We recommend mentioning the desired element’s accessibility role in the description, such as “the submit button”, “the homepage link”, “the password input”, “the ‘People’ tab”, or “the combobox for selecting a month”.
If you are unsure what attributes to use, you can use Chrome Dev Tools to find out.
HTML content and attributes
If the desired element contains text content, you can also include a subset or summary of the text in your description. For example, the “the ‘Welcome’ header” or “the text area containing ‘Lorem Ipsum’”.
Momentic’s AI also looks at certain high-signal HTML attributes. Values that are flagged as auto-generated, sensitive, or lengthy are ignored.
Exact matches
Momentic’s AI is trained to treat single quotation marks as an exact match. As such, the description “the ‘Submit’ button” will never match a button with content ‘Approve’.

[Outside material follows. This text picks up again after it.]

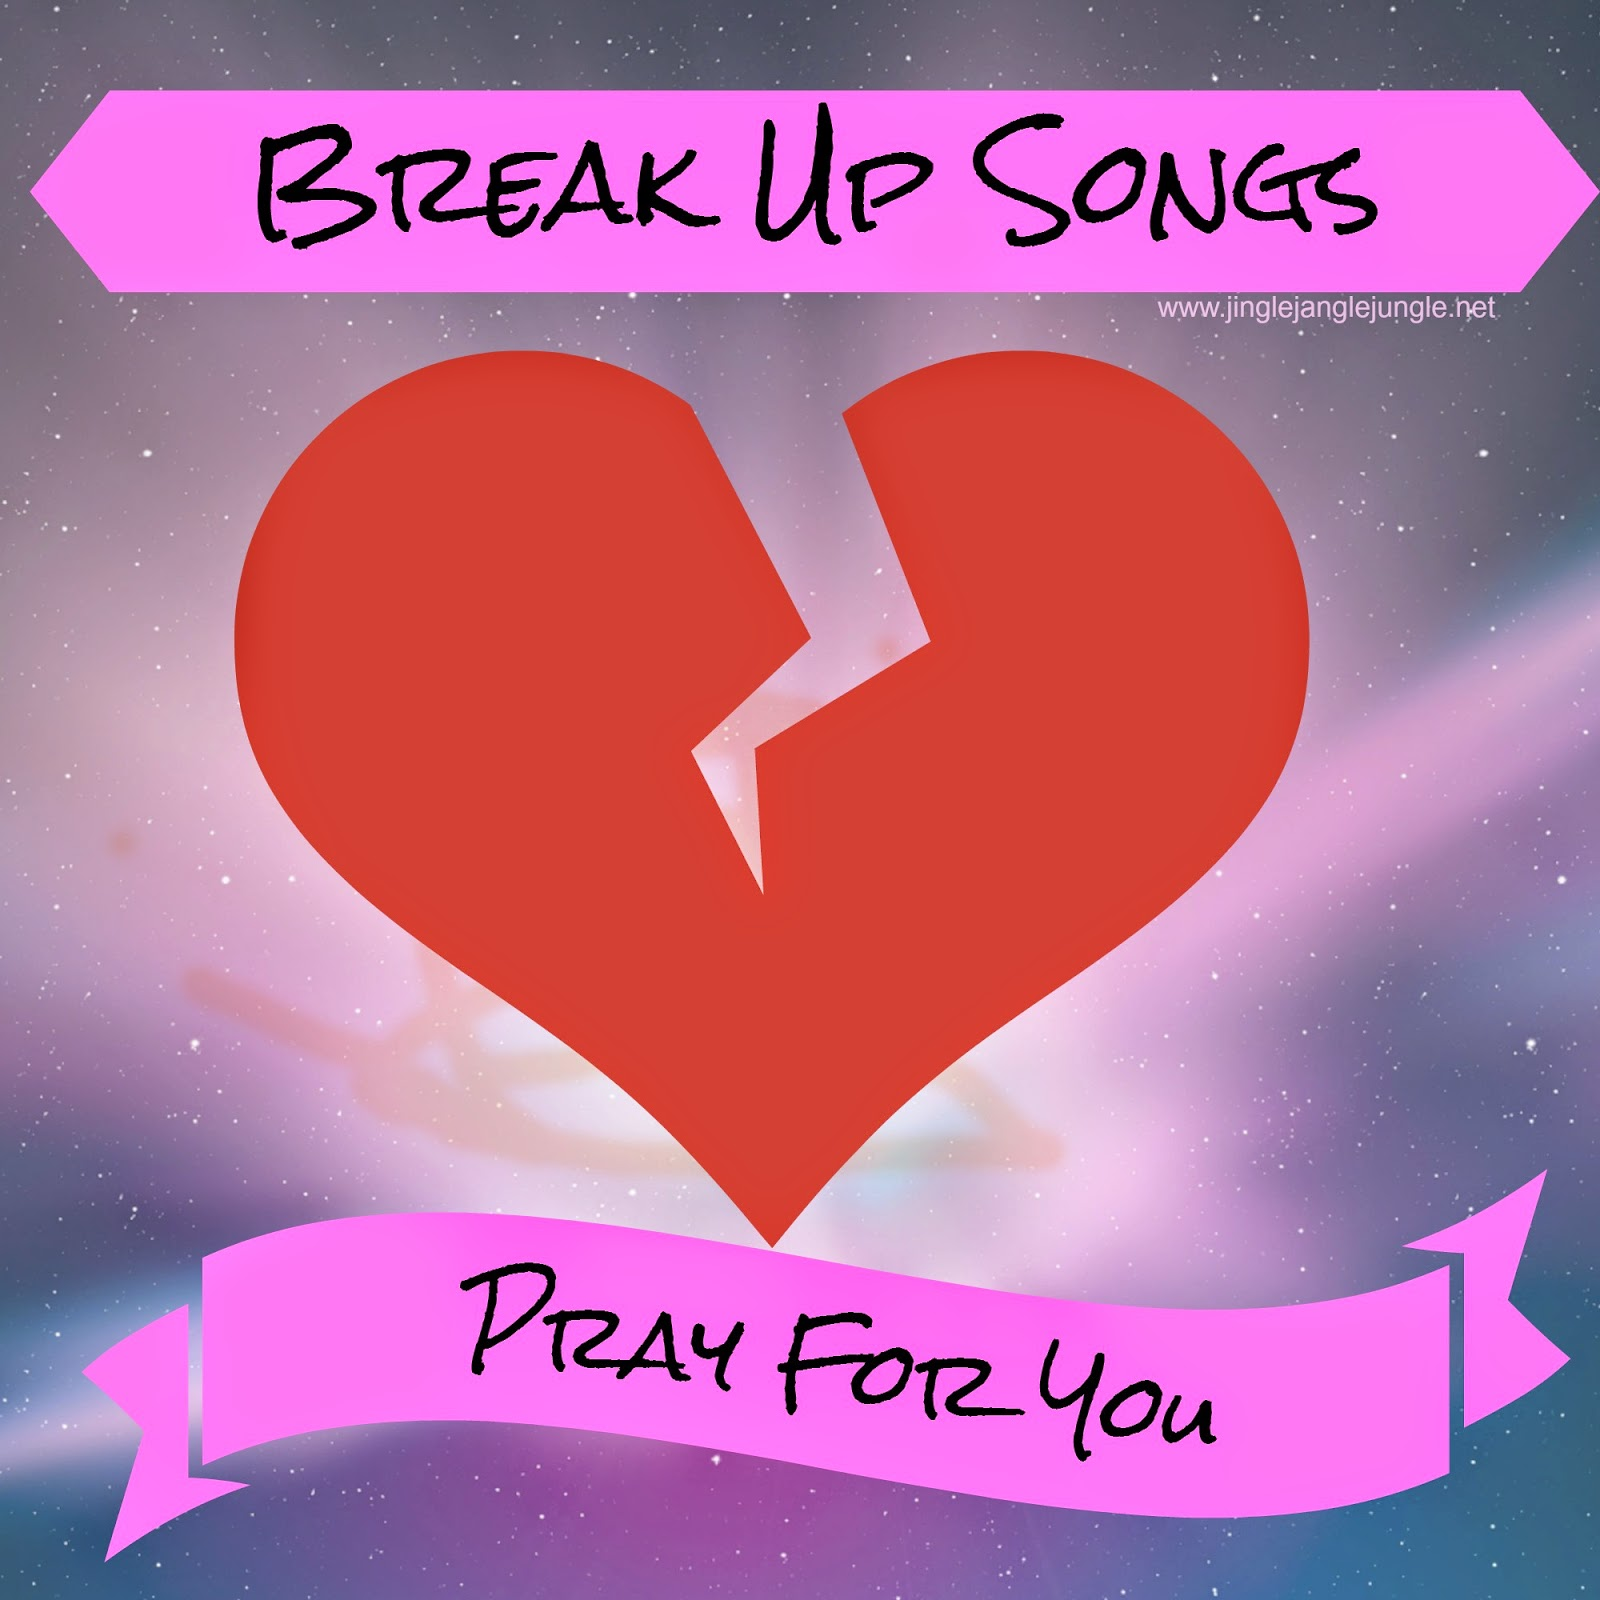 Break Up Songs: Pray For You http://www.jinglejanglejungle.net/2015/02/break-up-pray.html #BreakUpSongs

If quotation marks are not provided, Momentic’s AI will try to use the context available on the page to infer the correct element.
Visual information
Momentic’s AI can access HTML and a11y tree for the entire page, not just the current visible viewport. However, it can only access visual information from the current visible viewport as it relies on a screenshot of the page.
Momentic’s AI is trained to understand visual information like colors, shapes, sizes, and positions. For example, you can say “the red ‘Cancel’ button”, “the thumbs up icon”, or “the hamburger menu beside the logo”.
Due to image quality constraints, we recommend against relying on visual information alone to identify elements smaller than 12x12 pixels. Vision-based descriptions are also less reliable when the element is embedded among many visually similar elements (e.g. a toolbar full of small icons).
Positional cues
Wen there are multiple instances of the same element (e.g. a data table or list), you will need to disambiguate which instance you want to interact with.
Absolute locations
You can provide absolute cues such as “…at the top of the page” or “…in the bottom right corner”.
Relative locations
You can provide relative cues such as “…below the ‘Introduction’ header” or “…beside the ‘Back’ button”.
Use the inside keyword to specify the parent element of another element. For example, “the ‘Submit’ button inside the user dialog”.
Use the closest keyword to specify the closest element to another element. For example, “the closest ‘Submit’ button to the ‘Username’ input”.
Ordering
Since the order of elements on the page can change, make sure to turn off caching. This will ensure Momentic’s AI will always target the correct element
Use the nth keyword to specify the position of an element in a list. For example, “the second ‘Submit’ button”.
Dynamic elements
Since the target element will change every time, make sure to turn off caching. This will ensure Momentic’s AI will always target the correct element
You can target random and dynamic elements with natural language descriptions. For example, “a random card” or “today’s date in the calendar”
Examples
Putting it all together, here are some examples of how to describe the labelled elements in the screenshot above:
- “the avatar picture on the top left corner”
- “the home link in the sidebar”
- “the ‘Amount’ filter menu”
- “the notification bell icon to the right of the green button”
- “the third outgoing transaction card in the list”
Troubleshooting
- Dynamic elements: If you use nth or dynamic elements in a description, make sure to turn off caching. This will ensure Momentic’s AI will always target the correct element.
- Hidden elements: Momentic’s AI will ignore elements that are explicitly marked as
aria-hidden
(or are part of sub-trees that are hidden), not attached to the DOM, or have no bounding box.